WTS Awards Go to Berkeley Students

October 10, 2011

The two grad students who will receive this year’s Women’s Transportation Seminar scholarships have much in common: Both grew up in Michigan, both have been motivated educationally by witnessing the decline of the city of Detroit, and both are in Ph.D. programs at UC Berkeley.

Tierra Bills (left), who is working on her Ph.D. in transportation engineering, will receive the organization’s Leadership Legacy scholarship. Carrie Makarewicz is completing a Ph.D. in city and regional planning with a focus on transportation and community development.  She will be awarded the Helene M. Overly Memorial scholarship. The award ceremony will take place at a cocktail reception in San Francisco on March 3.

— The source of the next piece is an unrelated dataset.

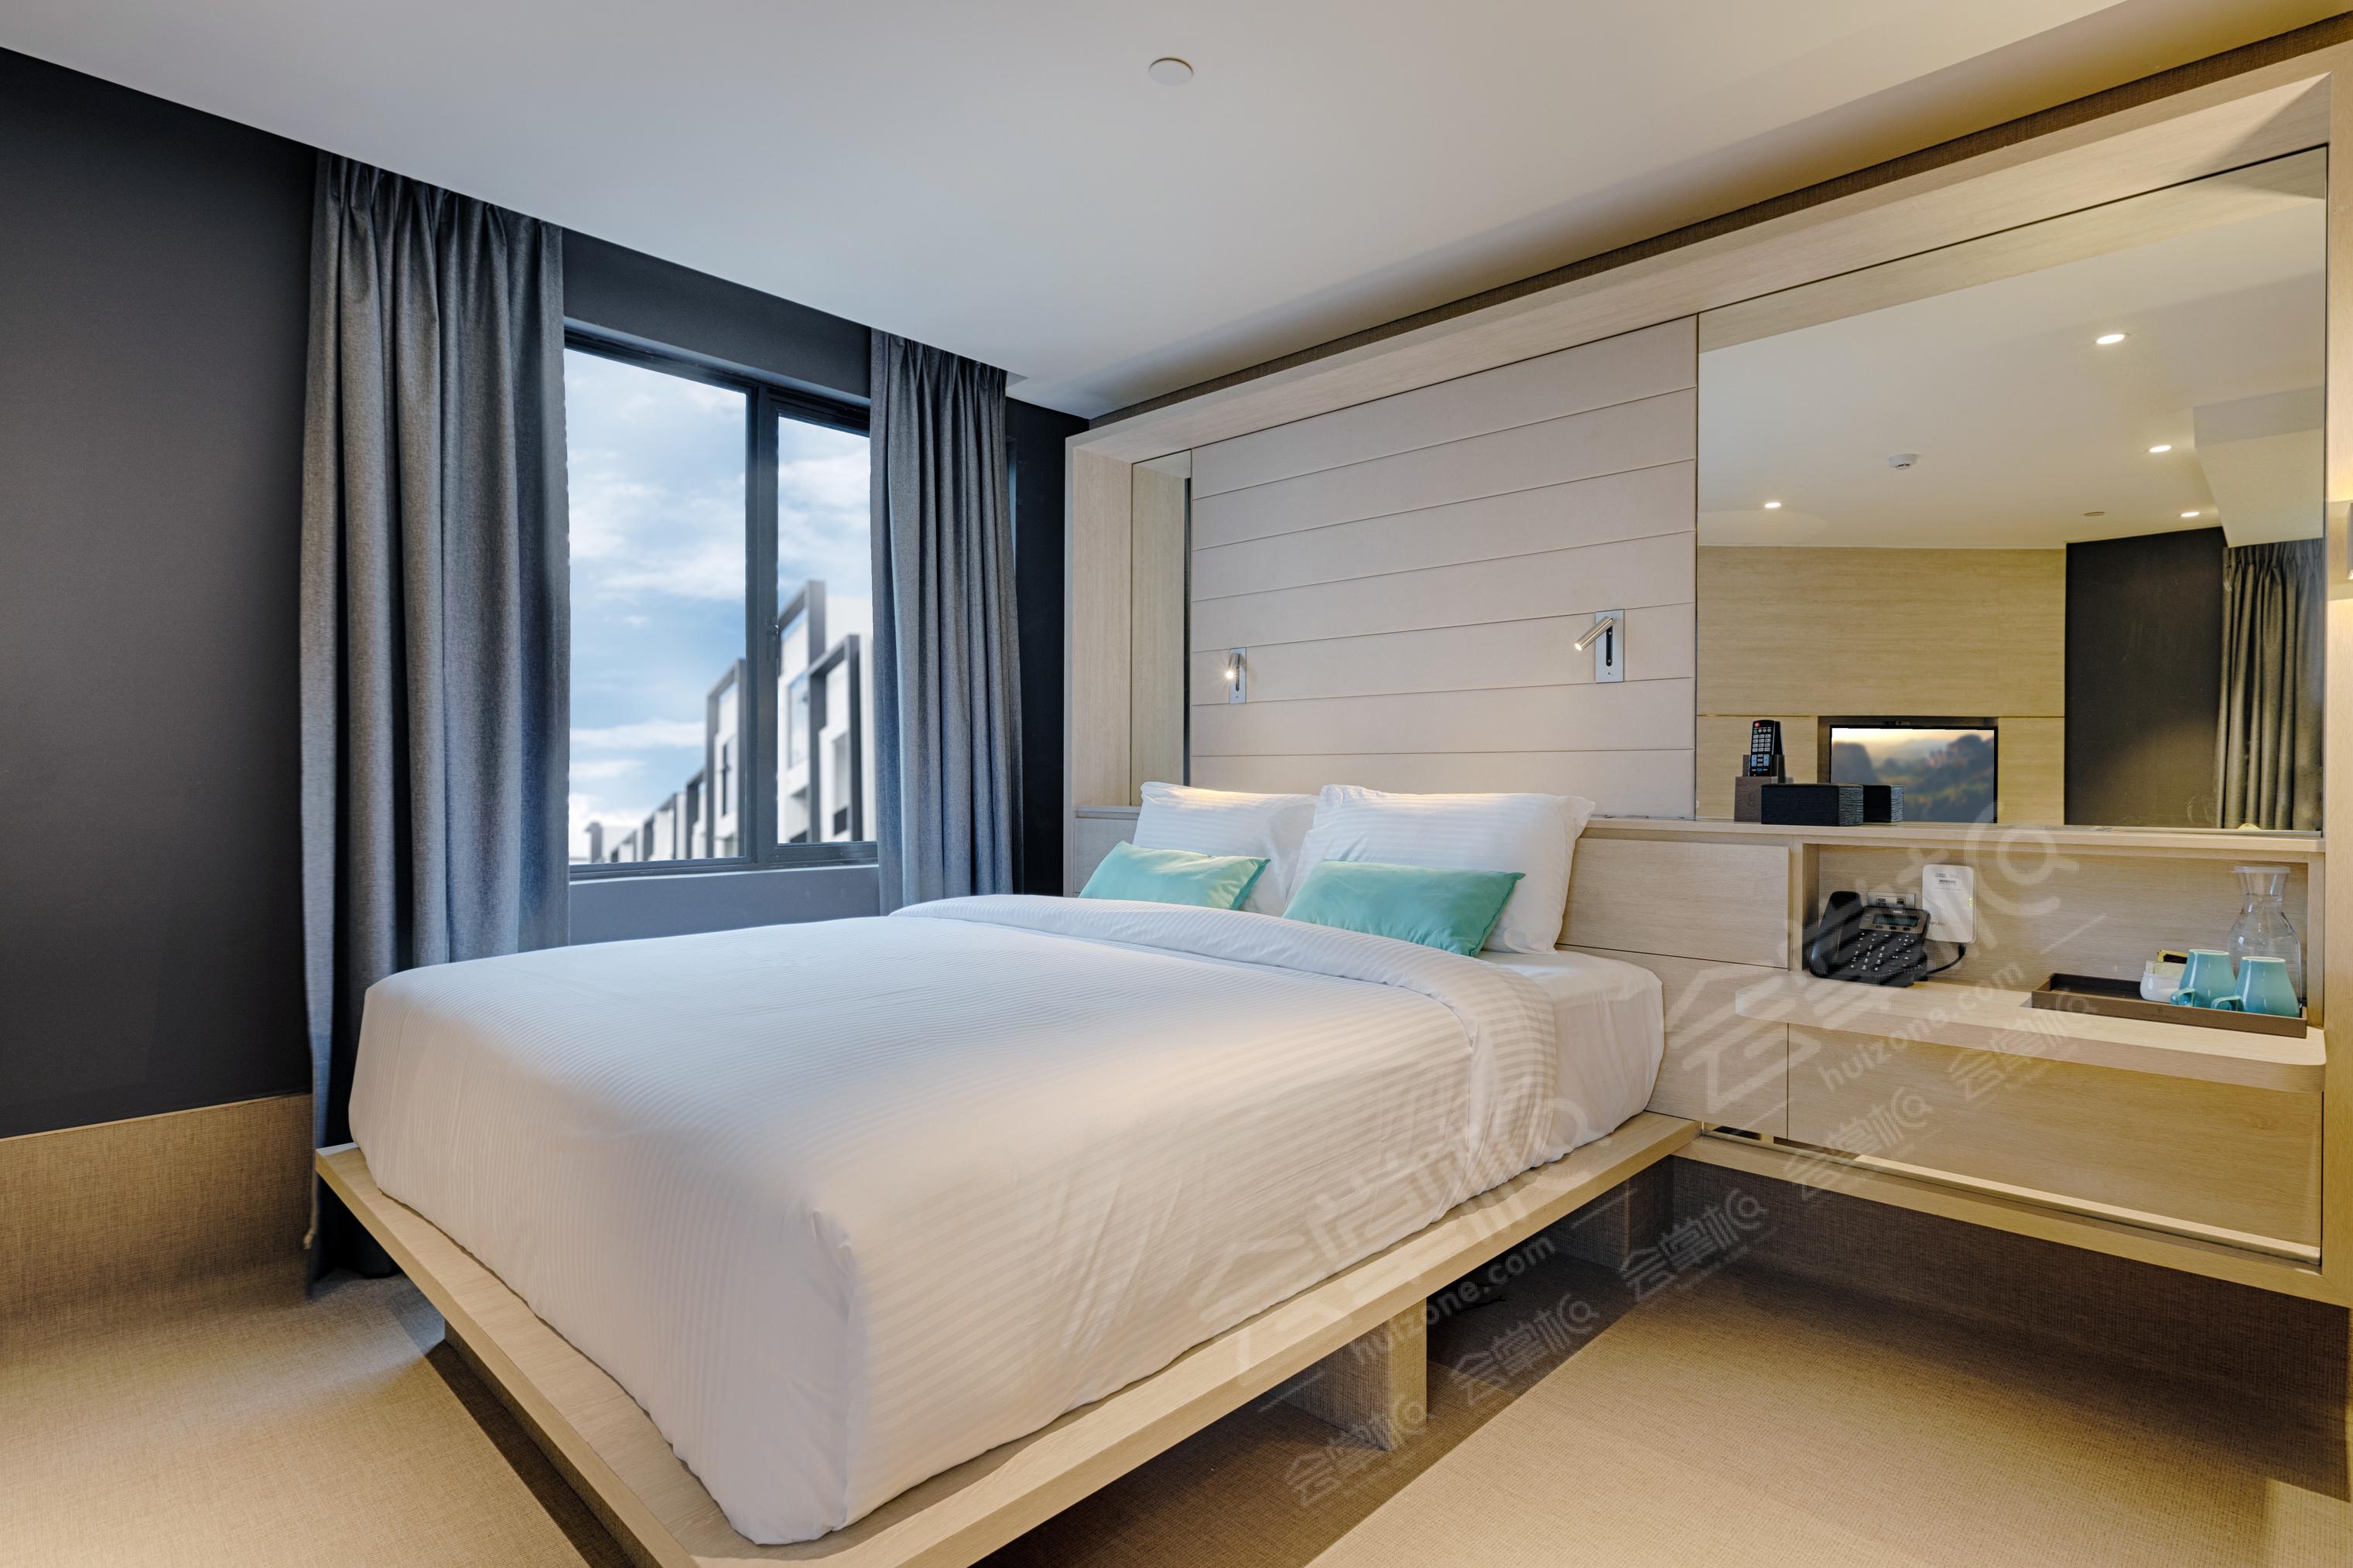 槟城四星级酒店最大容纳200人的会议场地|上屋青年旅馆(The Upper House Hotel)的价格与联系方式

Bills’ research focuses on transportation equity, and finding better methods for analyzing it when applied to new policies or infrastructure.

“When we make decisions about building a new transit line, or implementing a policy such as congestion pricing, we need to understand how the costs and benefits will be distributed over different sub-groups of people,” explained Bills. “The methods for equity analysis currently used in practice are not as informative as they could be,” she said.

For her dissertation, Makarewicz is examining how access to work, to schools, to grocery stores, to healthcare, and to other destinations in urban neighborhoods affects low-income parents’ ability to be engaged in their children’s learning.

“Most transport research is focused on the work commute. But people take four to six trips a day,” she said. “If daily trips are long, because of distance or time, how do they affect a parent’s ability to spend time with a child? And how does that affect a child’s ability to learn?”

The San Francisco Bay Area chapter of WTS makes four awards annually, two to graduate students and two to undergrads. This year the international WTS will hold its annual meeting in San Francisco at the Hyatt Embarcadero from May 18-20.